Inside Court 15 of the Kaduna State High Court, three men who had already spent 11 years behind bars learned they would remain imprisoned for 10 more years.Their crime? Conspiracy and “Intention to commit culpable homicide”, a charge that has left legal experts questioning how Nigerian courts can determine the intentions of a person’s heart. “Not even the devil knows the intention of the heart of man,” Ballason said, her frustration palpable as she reflected on the judgment handed down by Justice B.M. Balarabe.
The case of the Gbagyi six, three of whom the prosecution presented at the High Court for trial, were arrested in January 2014 following a violent clash rooted in a land dispute in Jere chiefdom, Kagarko Local Government Area of Kaduna, has become yet another stark illustration of Nigeria’s troubled justice system, where prolonged detention, denied bail, and questionable verdicts have turned courtrooms into instruments of persecution rather than justice.
A Conflict Born of Land and Power.
The story begins in early January 2014, along the road from SSC Jere to Bwari in Kagarko Local Government Area. Dr. Sa’ad Usman, the Emir of Jere and husband of former Finance Minister, Senator Nenadi Usman, was traveling when he encountered a gathering of Gbagyi youths who stopped him. What happened next remains disputed. According to the Jere Traditional Council, one Ayuba Barde who was the first Defendant in the case but was not presented before the Court shouted at the traditional ruler, which led to a violent altercation in which the Chief, his driver, and police orderly were attacked with machetes and axes. The Gbagyi community told a different story: they claimed the Chief of Jere had for long formed the habit of confiscating lands from Gbagyi natives in Jere chiefdom with impunity, and that the most recent incident involved the destruction of food crops belonging to Ayuba Barde. Ayuba Barde was first shot by the orderly of the Chief following which a melee ensued.

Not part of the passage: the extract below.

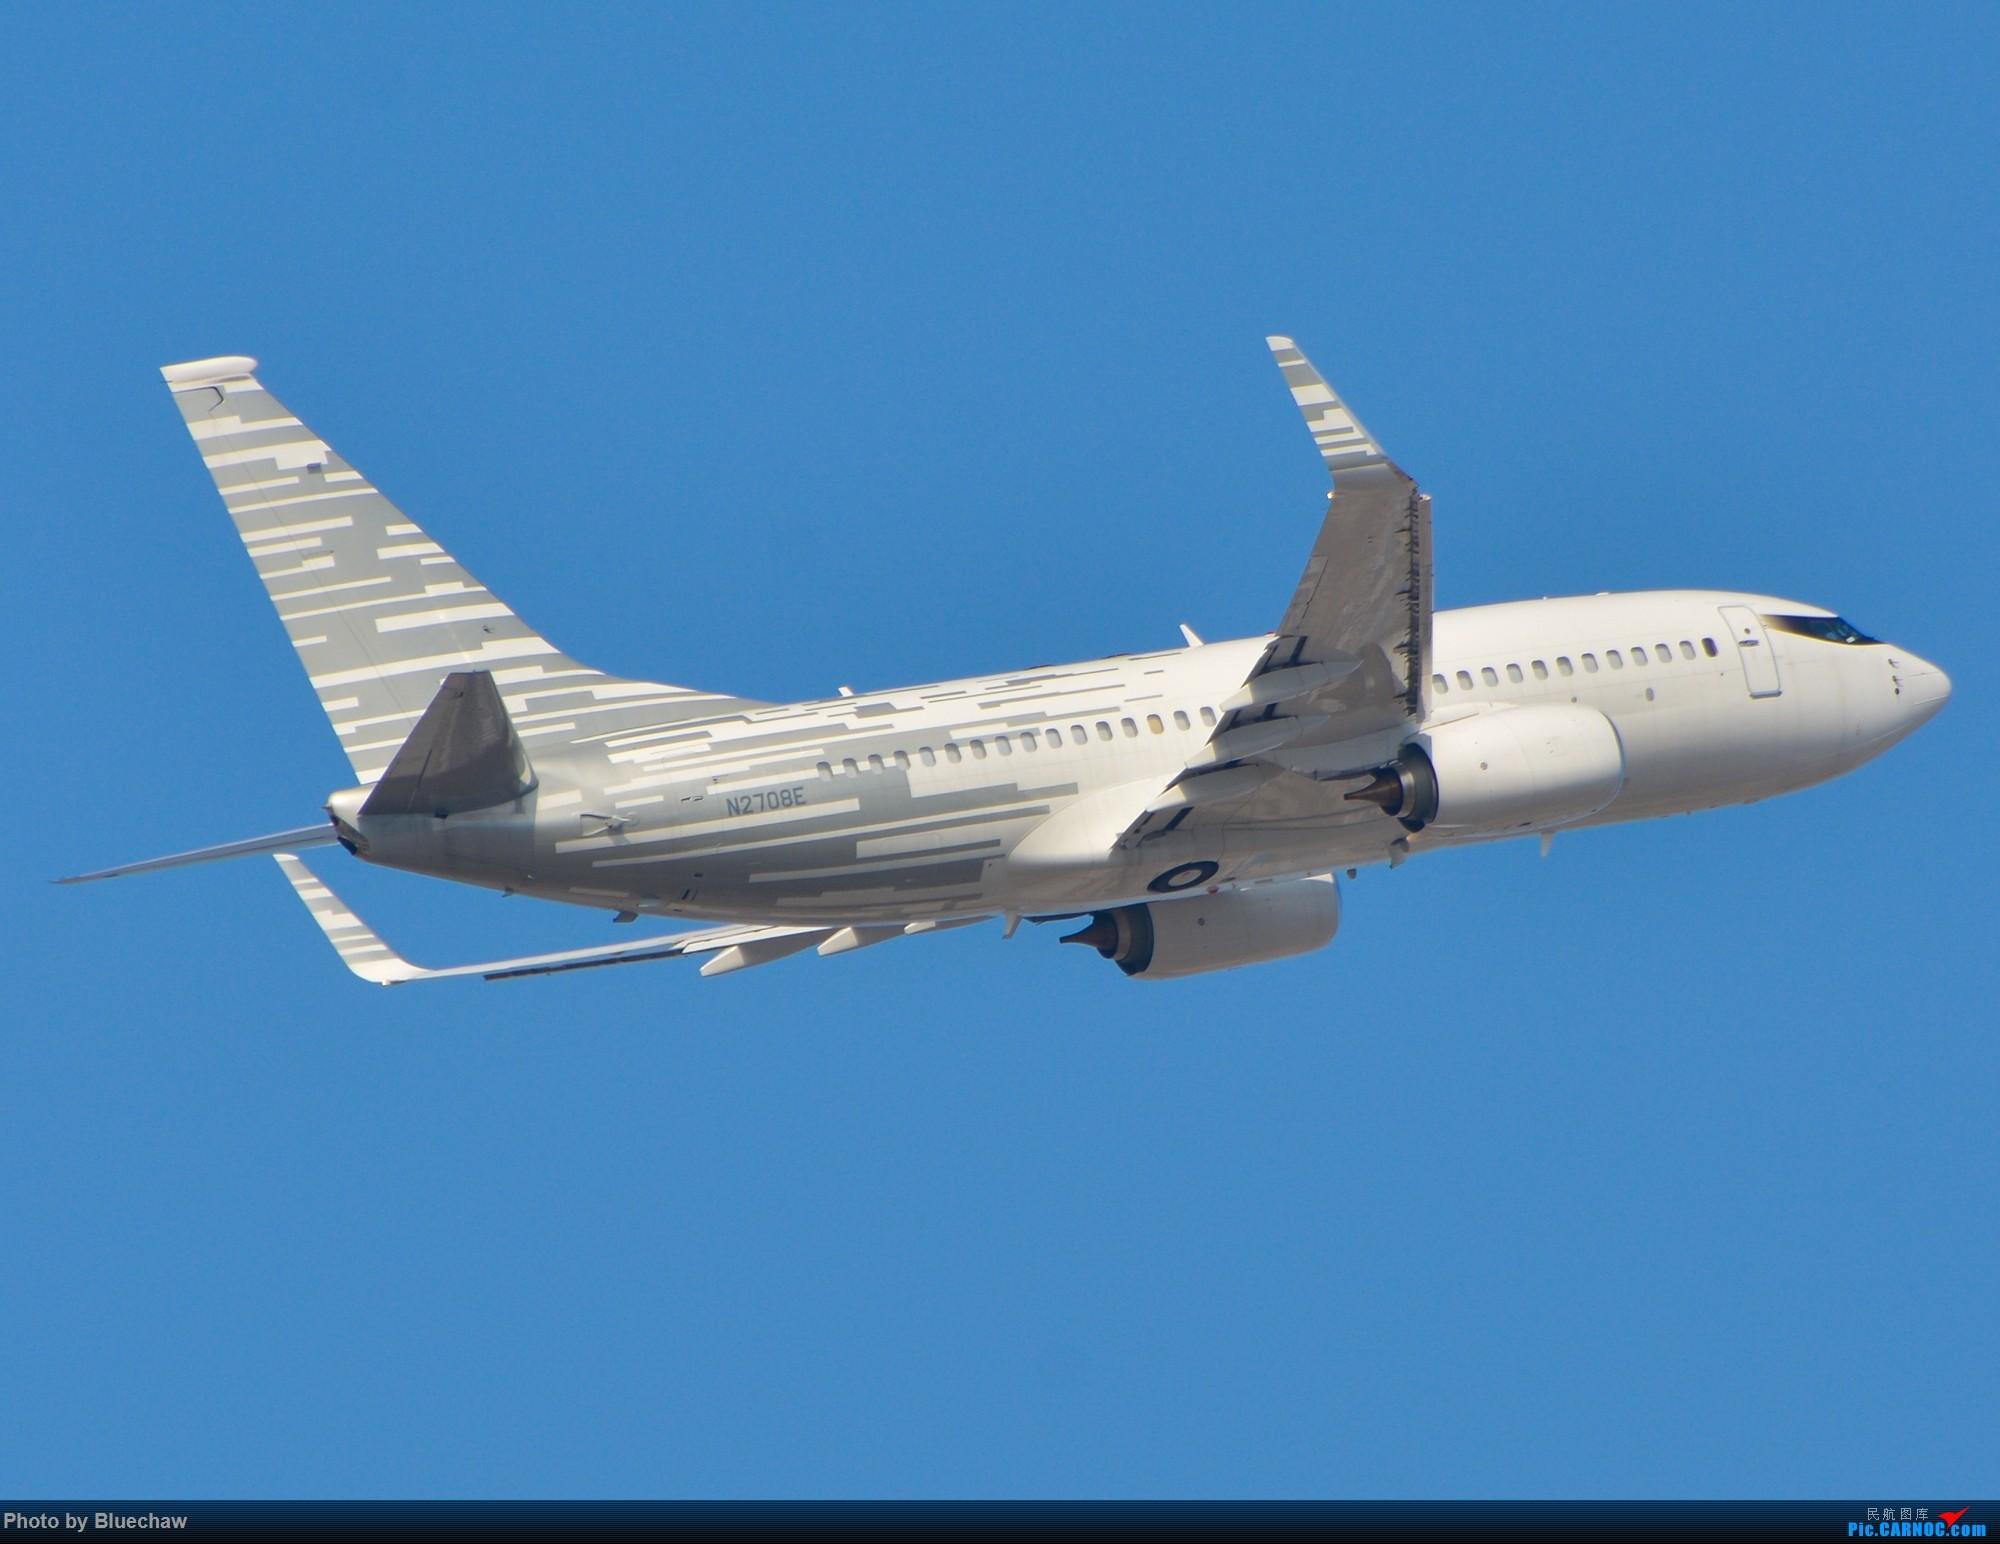 Re:[原创]二月白云拍机,酷航788等 BOEING 737-800 N2708E 中国广州白云国际机场
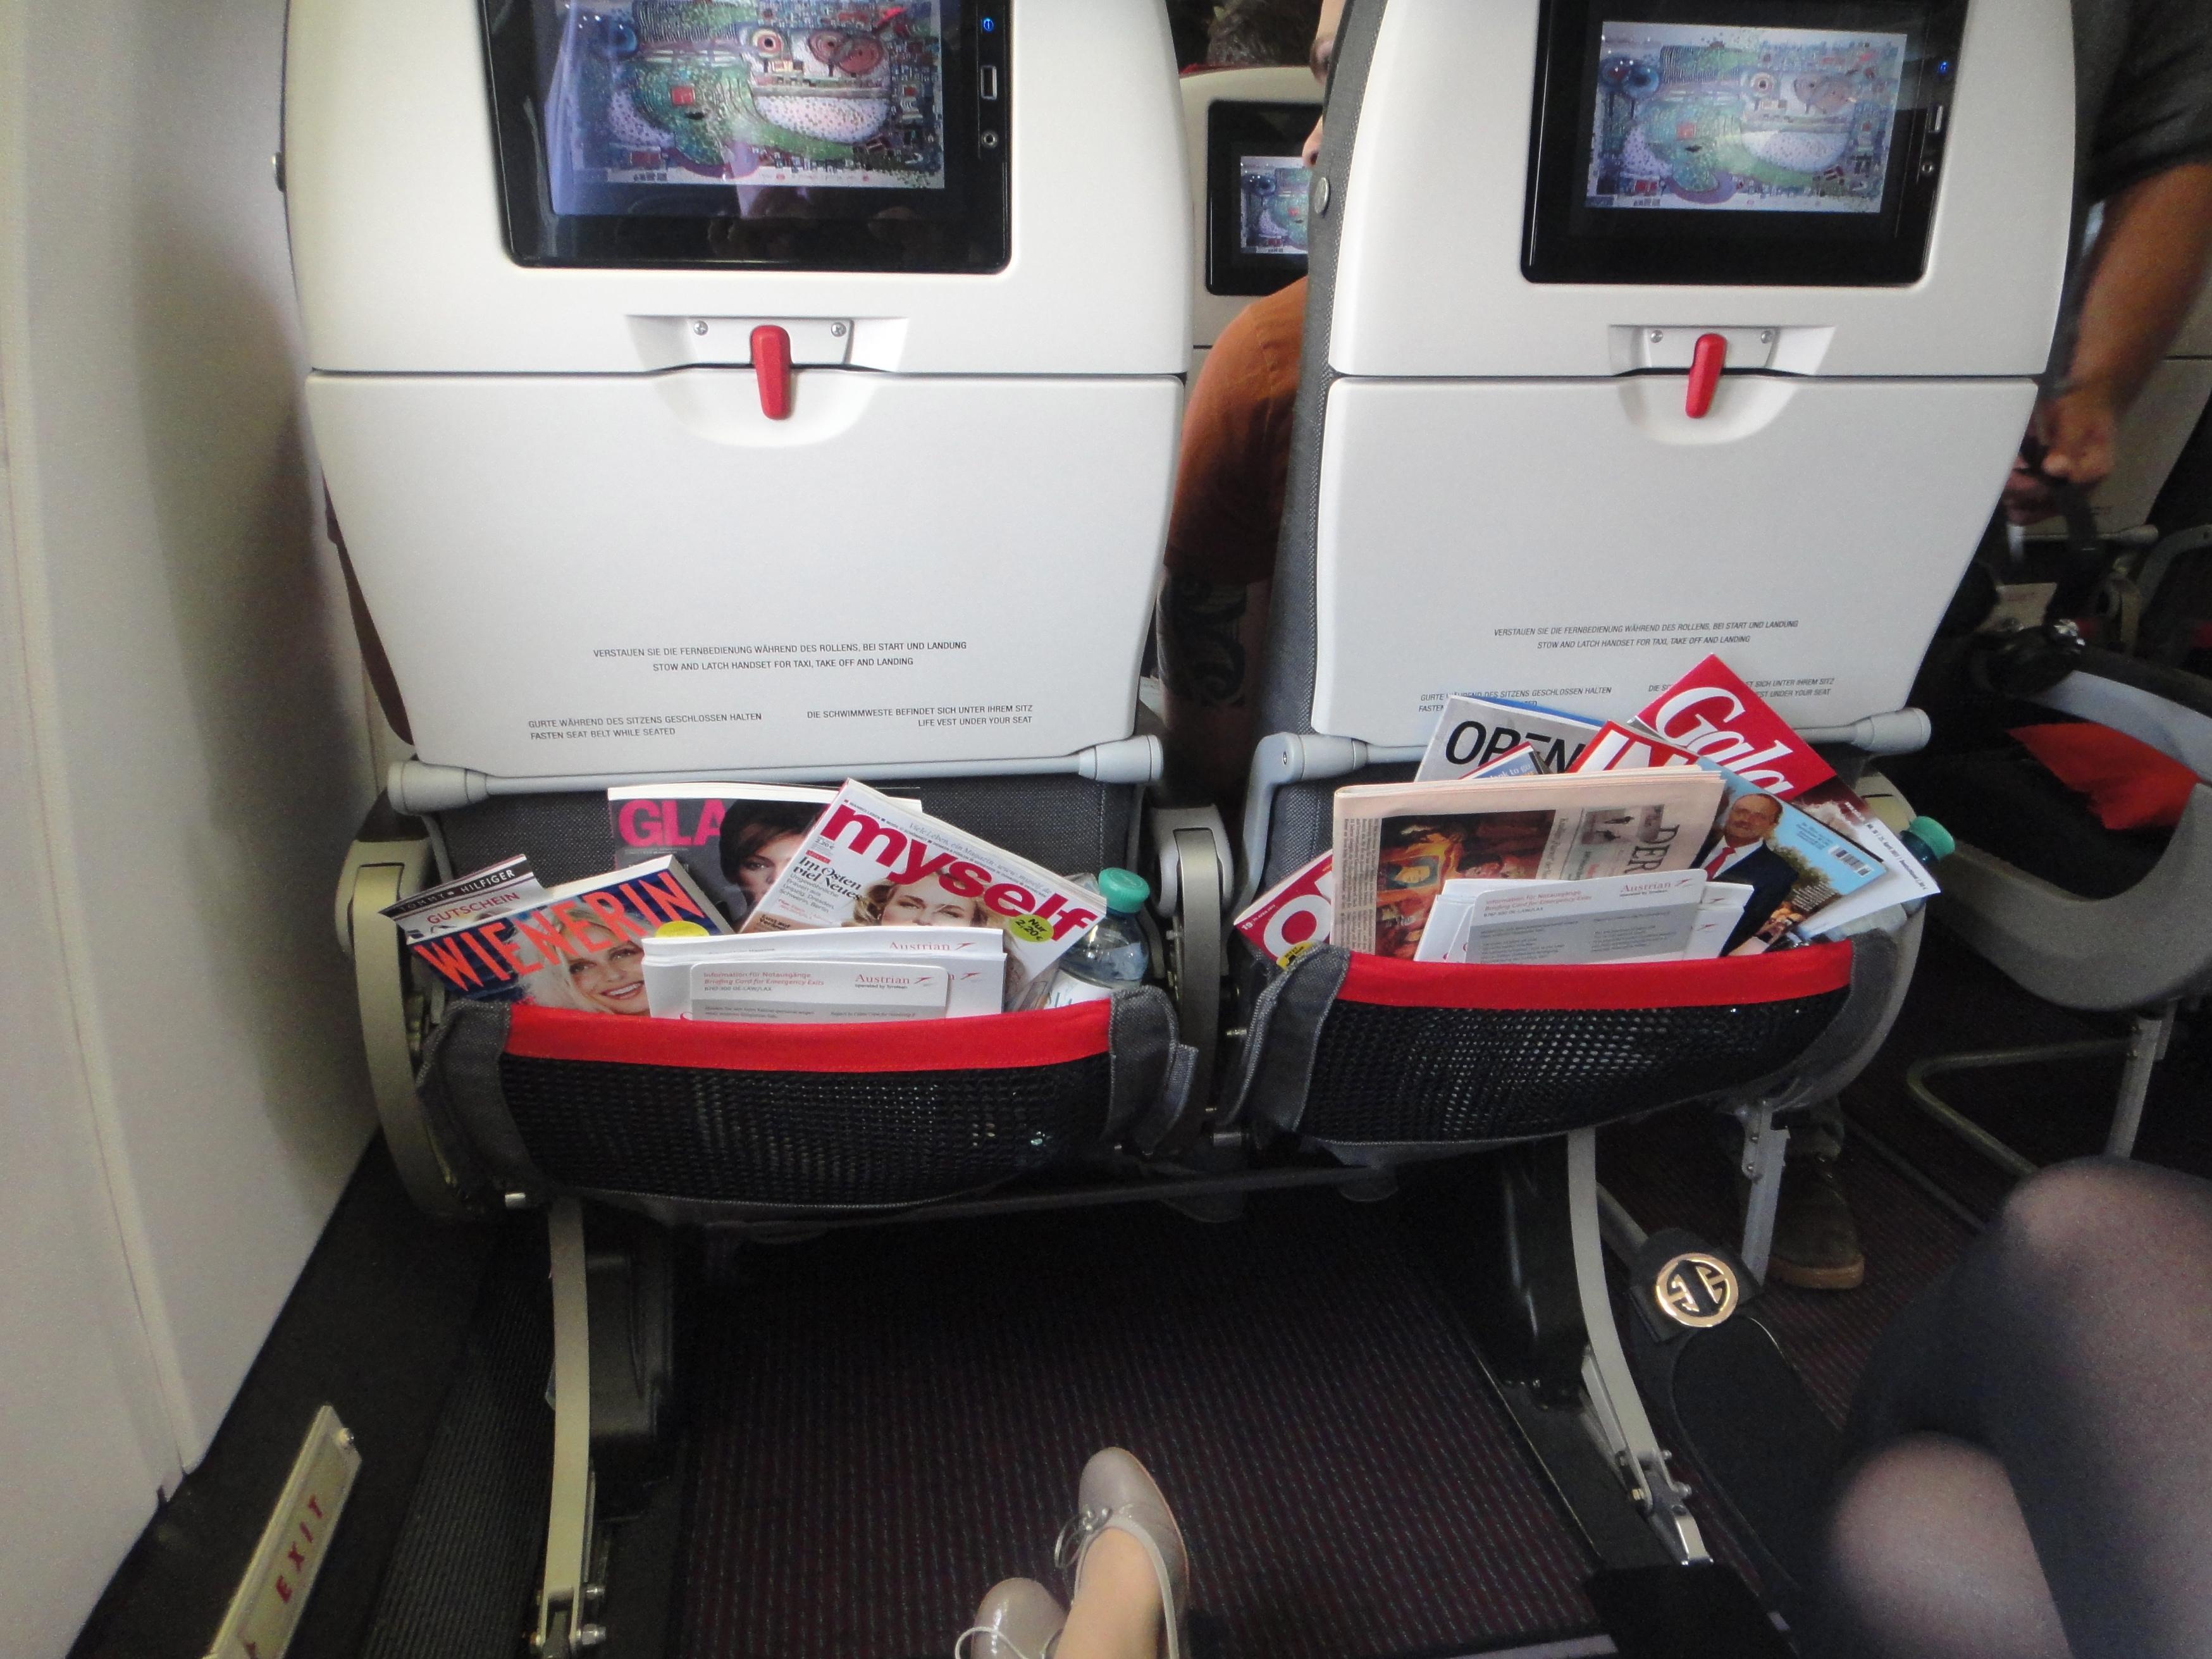 masses of space - Austrian Airlines emergency exit seats Endlos Platz - Sitze am Notausgang in der AUA

A State Security Service source confirmed that serious crisis had been brewing in the area, with the Gbagyi people writing that their ancestral lands were being seized by the Fulani Emir. According to court documents, the incident left both the Chief and Ayuba Barde requiring hospitalization. In the days following the January 3, 2014 clash, Kaduna State Police Commissioner Olufemi Adenaike confirmed that several persons were arrested and would be detained until all principal characters could speak. Among those arrested were individuals who would spend the next 11 years fighting charges that evolved from “inciting disturbance” and “causing grievous hurt” to the far more serious charges of culpable homicide, and conspiracy.
A Trial Without End.
The Defendants ‘s Journey through Nigeria’s judicial system reads like a kafkaesque nightmare. They were first arraigned before a Magistrate Court, then transferred to the High Court. Their case moved from Justice Gideon Kurada, who granted them bail, to Justice Bashir Sukola, who also granted them bail, but on terms they could not meet despite repeated applications for review. Justice Sukola eventually died, and the file moved to Justice Binta F. Zubairu, who started the case afresh. After five years before Justice Zubairu, the longest period in their ordeal, the judge was elevated to the Court of Appeal just as the defense was set to open. The case then landed with Justice Buhari M. Balarabe, who again started the proceedings afresh. “The prosecution was not within reasonable time,” Ballason emphasized. “The trial took 11 years.”Throughout this period, the Defendants remained in custody. According to Ballason, Justice Balarabe’s court refused to take the bail application until after the hearings concluded, a decision she describes as “a violation of the right to fair hearing and presumption of innocence until proven guilty. “The Nigerian Constitution is explicit on this matter. Section 35(4) mandates that any person arrested or detained must be brought before a court within a reasonable time, and if not tried within two months (for those in custody) or three months (for those on bail), they must be released. Yet the Gbagyi defendants spent over a decade in pretrial detention.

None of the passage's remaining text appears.